## EXERCISE DIRECTIONS:
Repeat the span of the entries below that starts at the line with "Lets Express 937.495 as afraction" and ends at the line with "Ustraa Tattoo Cologne", nothing more. Skip the pictures.

## SUPPLIED MATERIAL:
····················

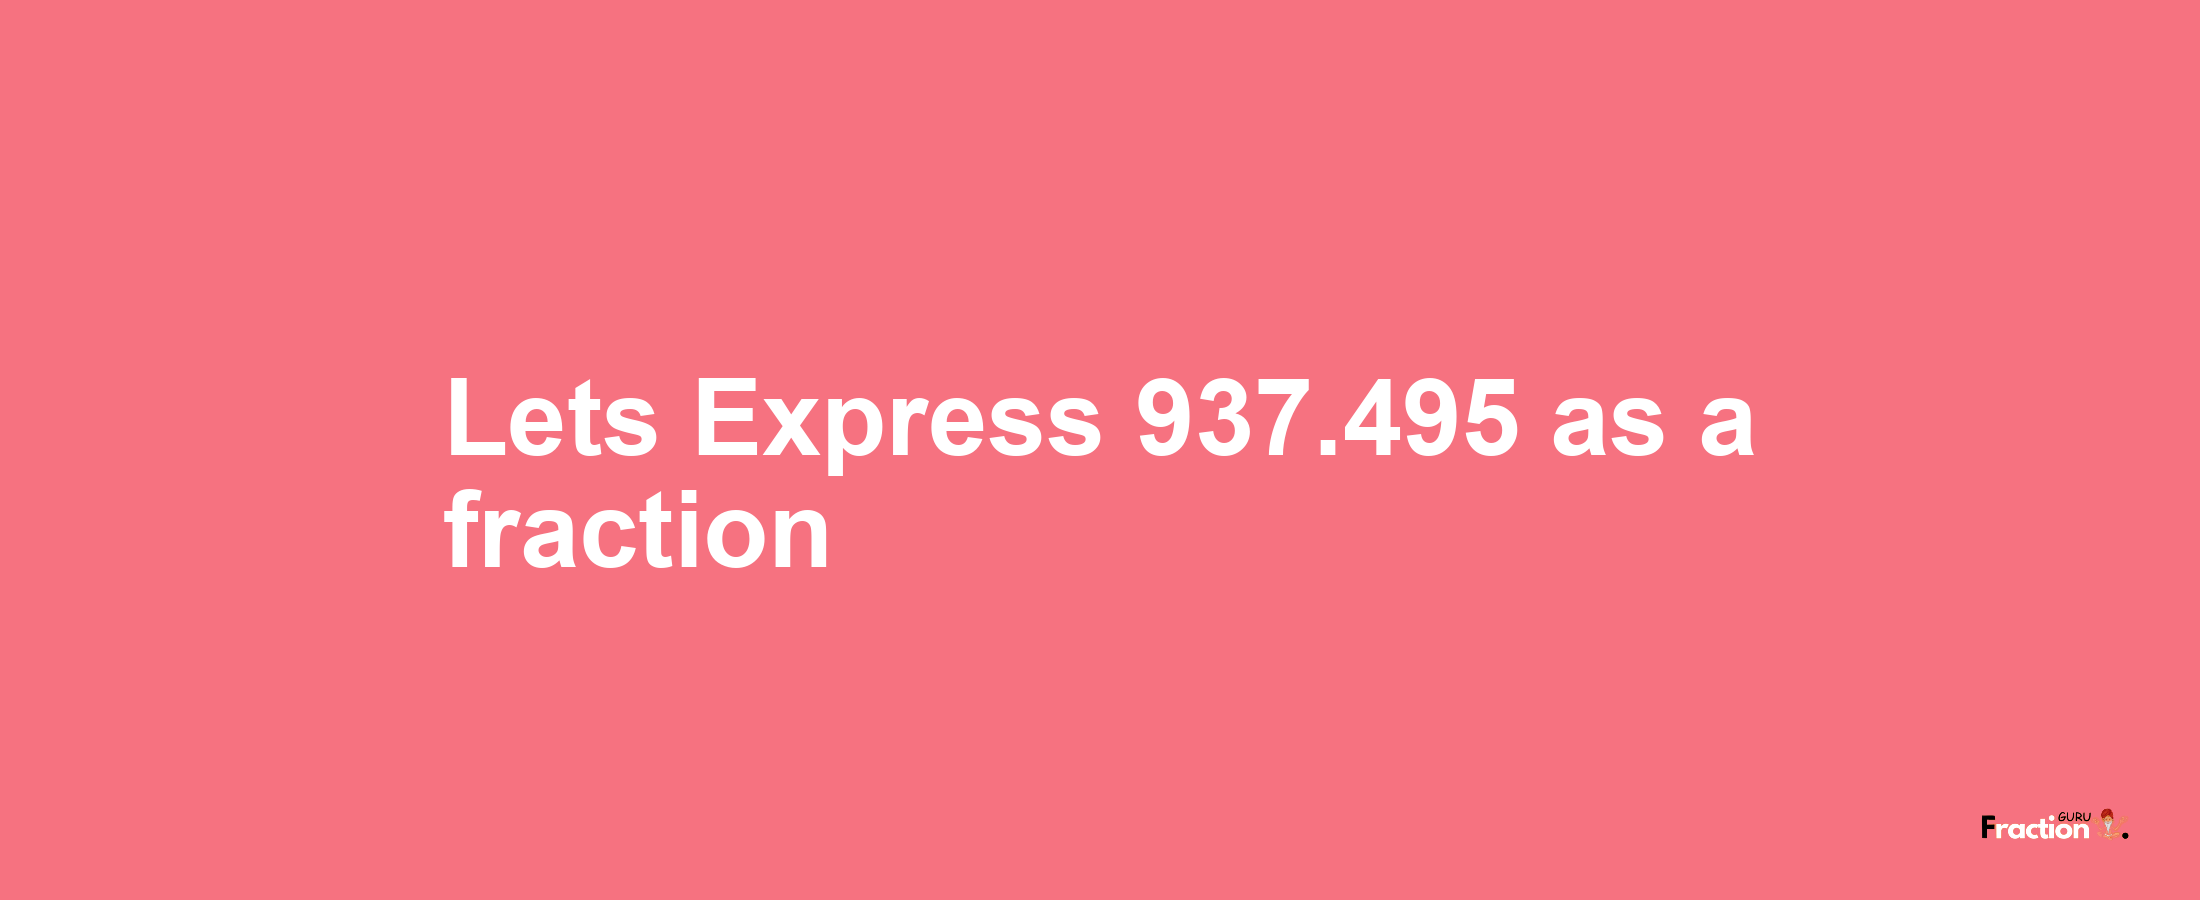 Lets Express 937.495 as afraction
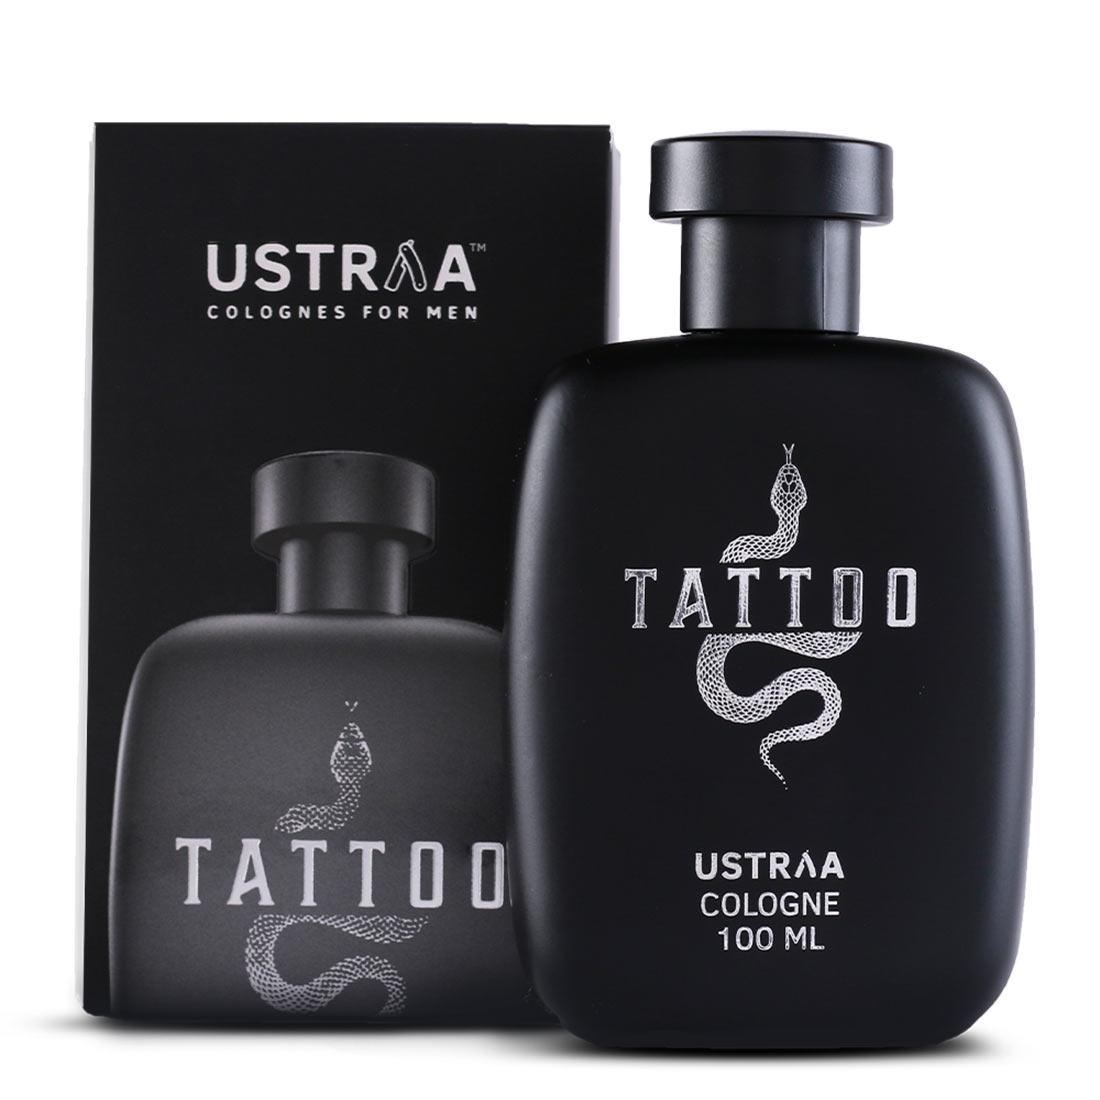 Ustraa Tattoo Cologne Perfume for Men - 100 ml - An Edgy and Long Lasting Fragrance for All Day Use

····················

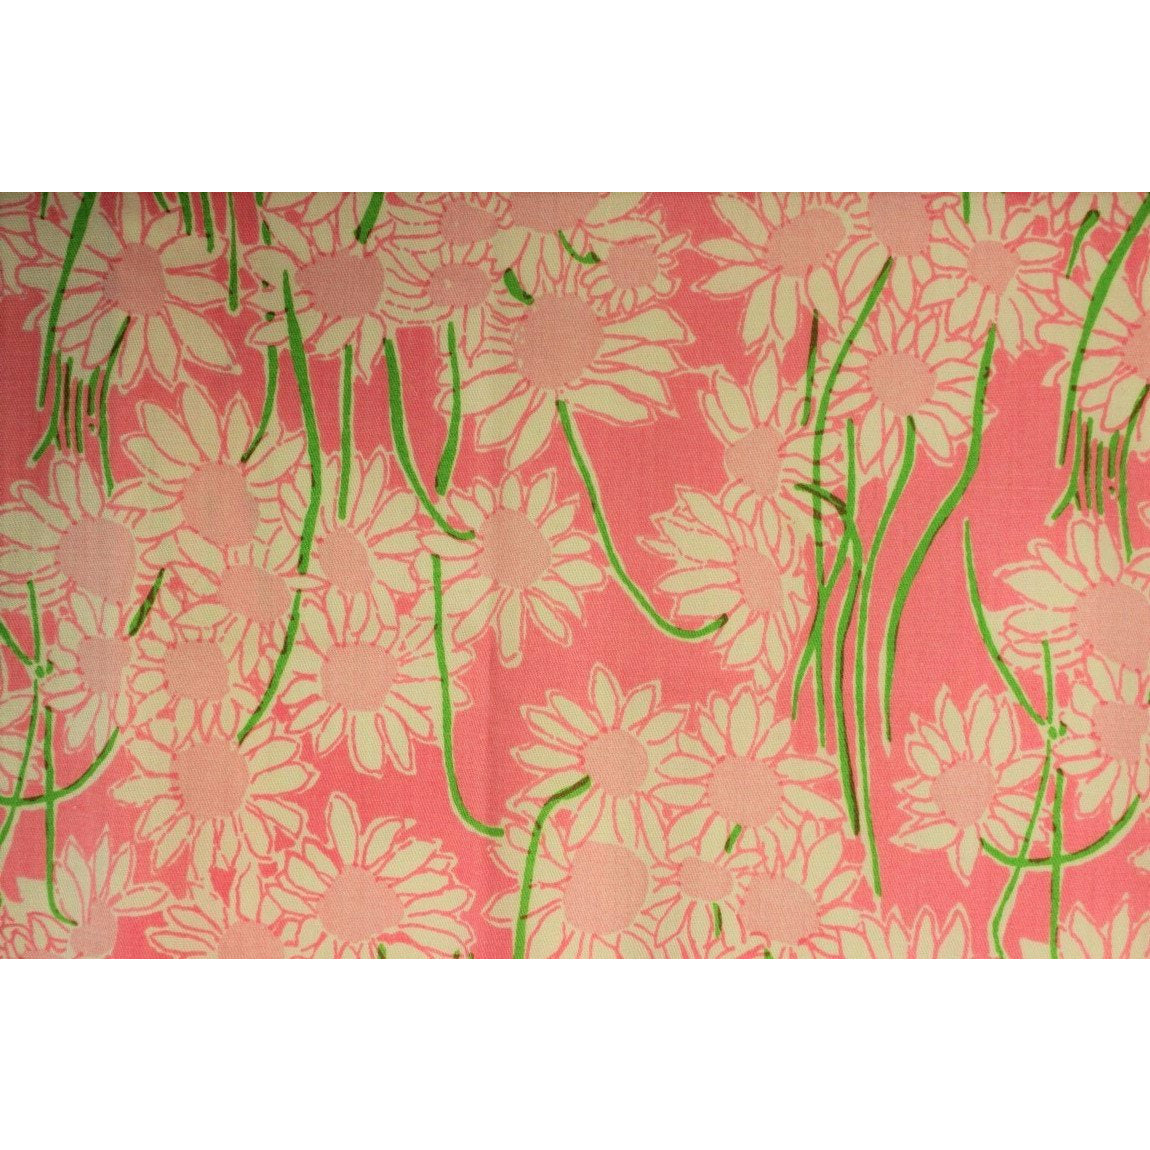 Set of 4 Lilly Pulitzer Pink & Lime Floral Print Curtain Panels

····················

## RESPONSE TO THIS EXERCISE:
 Lets Express 937.495 as afraction
 Ustraa Tattoo Cologne Perfume for Men - 100 ml - An Edgy and Long Lasting Fragrance for All Day Use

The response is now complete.